Grubert.H3K4me3.QTLs <- read.delim("../code/PlotGruberQTLs/Data/localQTLs_H3K4ME3.FDR0.1.hg38.bedpe", col.names=c("SNP_chr", "SNP_pos", "SNP_stop", "Peak_Chr", "Peak_start", "Peak_stop", "Name", "Score", "strand1", "stand2"), stringsAsFactors = F) %>%
  separate(col = "Name", into=c("PEAKid","SNPrsid","beta","p.value","FDR_TH","pvalTH","pass.pvalTH","mod","peak.state"), sep = ";", convert = T) %>%
  mutate(SNP_pos = as.numeric(SNP_pos))

head(Grubert.H3K4me3.QTLs) %>% kable()
SNP_chr SNP_pos SNP_stop Peak_Chr Peak_start Peak_stop PEAKid SNPrsid beta p.value FDR_TH pvalTH pass.pvalTH mod peak.state Score strand1 stand2
chr10 98266058 98266059 chr10 98267895 98268846 1 rs10748723 0.2032748 0.2292467 0.1 0.0009998 fail H3K4ME3 TSS . . .
chr10 98268012 98268013 chr10 98267895 98268846 1 rs10786407 -0.1114408 0.6567359 0.1 0.0009998 fail H3K4ME3 TSS . . .
chr10 98268054 98268055 chr10 98267895 98268846 1 rs10883055 -0.1188379 0.6095054 0.1 0.0009998 fail H3K4ME3 TSS . . .
chr10 98266369 98266370 chr10 98267895 98268846 1 rs11189529 -0.6061942 0.0009072 0.1 0.0009998 pass H3K4ME3 TSS . . .
chr10 98266356 98266357 chr10 98267895 98268846 1 rs114440225 -0.2236145 0.5527621 0.1 0.0009998 fail H3K4ME3 TSS . . .
chr10 98269803 98269804 chr10 98267895 98268846 1 rs1325500 -0.5212768 0.0047903 0.1 0.0009998 fail H3K4ME3 TSS . . .
GEUVADIS.eQTLs <- read.delim("../data/QTLBase.GEUVADIS.eQTLs.hg38.txt.gz", stringsAsFactors = F) %>%
  mutate(SNP_chr=paste0("chr",SNP_chr)) %>%
  filter(!SNP_chr == "chr6") %>% #blunt way to filter out MHC locus
  mutate(SNP_pos = as.numeric(SNP_pos))  %>%
  mutate(SNP=paste(SNP_chr, SNP_pos))

head(GEUVADIS.eQTLs) %>% kable()
SNP_chr SNP_pos Mapped_gene Trait_chr Trait_start Trait_end Pvalue Sourceid SNP
chr4 76939335 NAAA 4 76834813 76862166 0.0e+00 418 chr4 76939335
chr4 76939335 CXCL10 4 76942271 76944650 0.0e+00 418 chr4 76939335
chr4 144902942 GYPE 4 144792017 144826716 0.0e+00 418 chr4 144902942
chr4 83899764 SCD5 4 83550692 83719949 0.0e+00 418 chr4 83899764
chr4 88310523 HSD17B11 4 88257667 88312340 3.1e-06 418 chr4 88310523
chr4 84144189 PLAC8 4 84011201 84058228 1.0e-07 418 chr4 84144189

Peruse data a little.


Ok, good look histogram of P-values for H3K4me3 QTLs. What about eQTLs from GEUVADIS which I downlaoded from QTLbase


Ok.. those P-values are all very very small. It seems the P values from QTLbase are only for significant eQTLs. So now let’s make a QQ-plot for H3K4me3 QTL P-values, based on whether the snp is an eQTL.
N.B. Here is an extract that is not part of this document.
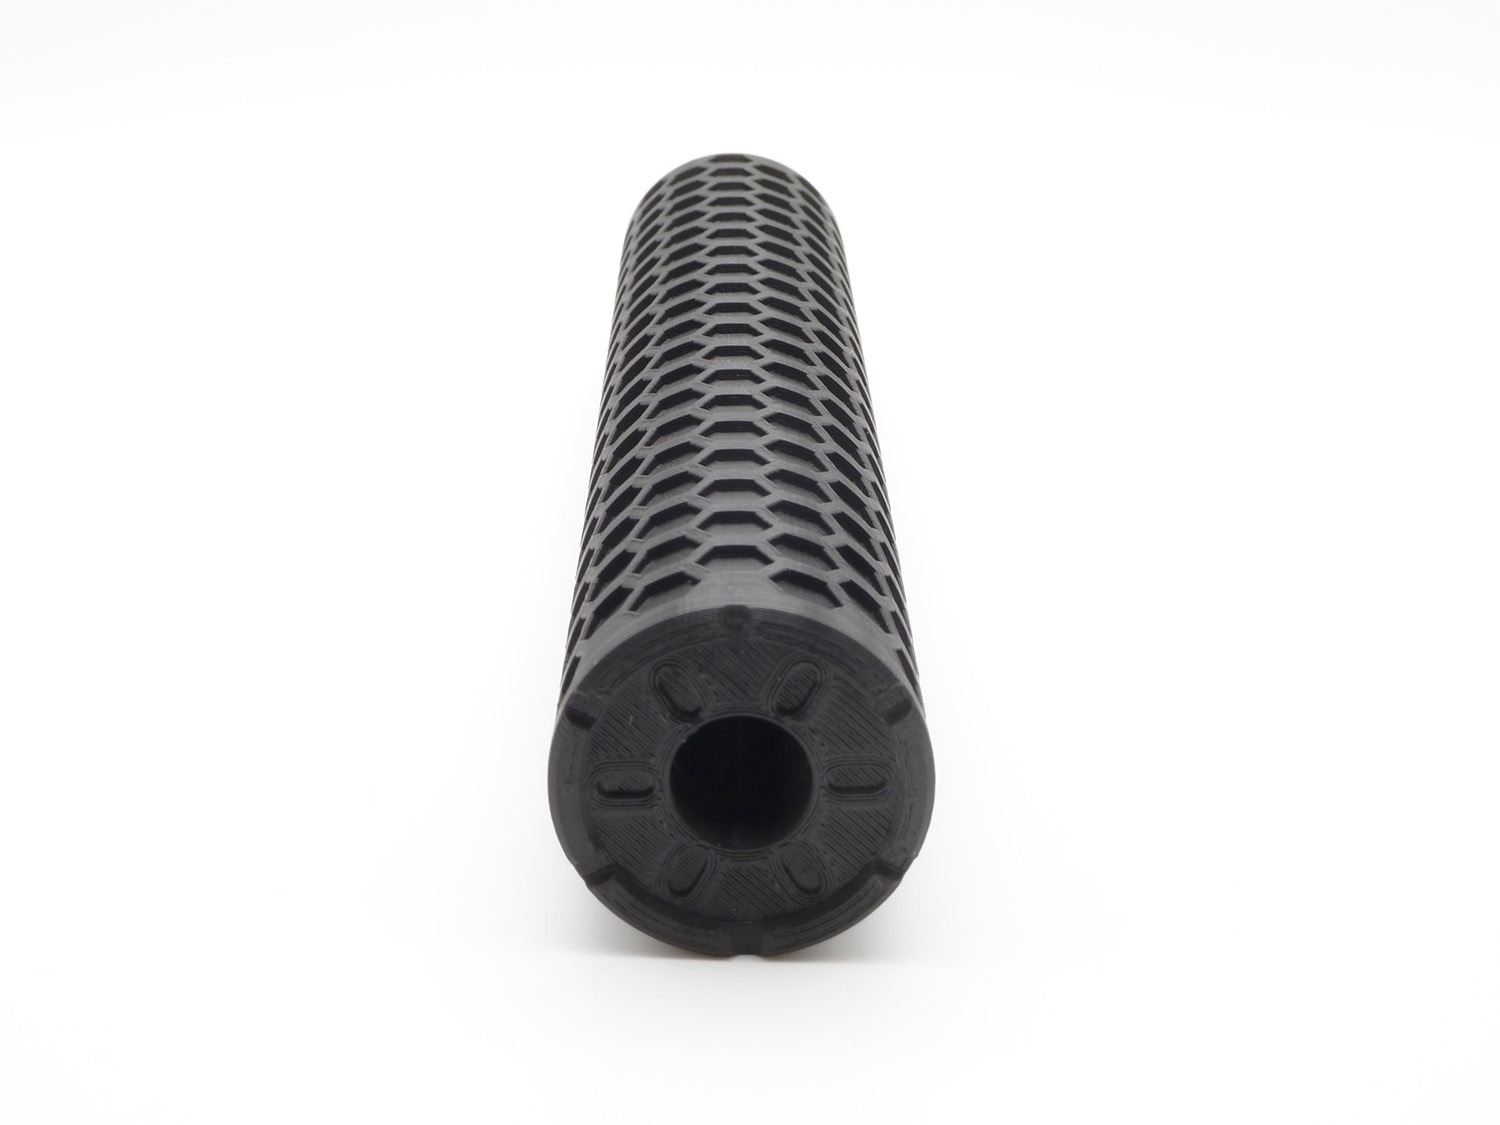 Hex-Pattern Cylindrical Silencer, muzzle view

H3K4me3_QQ <- Grubert.H3K4me3.QTLs %>%
  dplyr::select(p.value, SNP_chr, SNP_chr, SNP_pos) %>%
  filter(!SNP_chr == "chr6") %>%
  mutate(SNP=paste(SNP_chr, SNP_pos)) %>%
  mutate(SNPIsEqtl= SNP %in% GEUVADIS.eQTLs$SNP) %>%
  group_by(SNPIsEqtl) %>%
  mutate(ExpectedP=percent_rank(p.value)) %>%
  sample_n(400) %>% #Just sample 400 random points from each group to be quick
  ggplot(aes(x=-log10(ExpectedP), y=-log10(p.value), color=SNPIsEqtl)) +
  geom_point() +
  geom_abline() +

As expected, SNPs that are eQTLs have more significant P-value inflation for H3K4me3 genetic effects.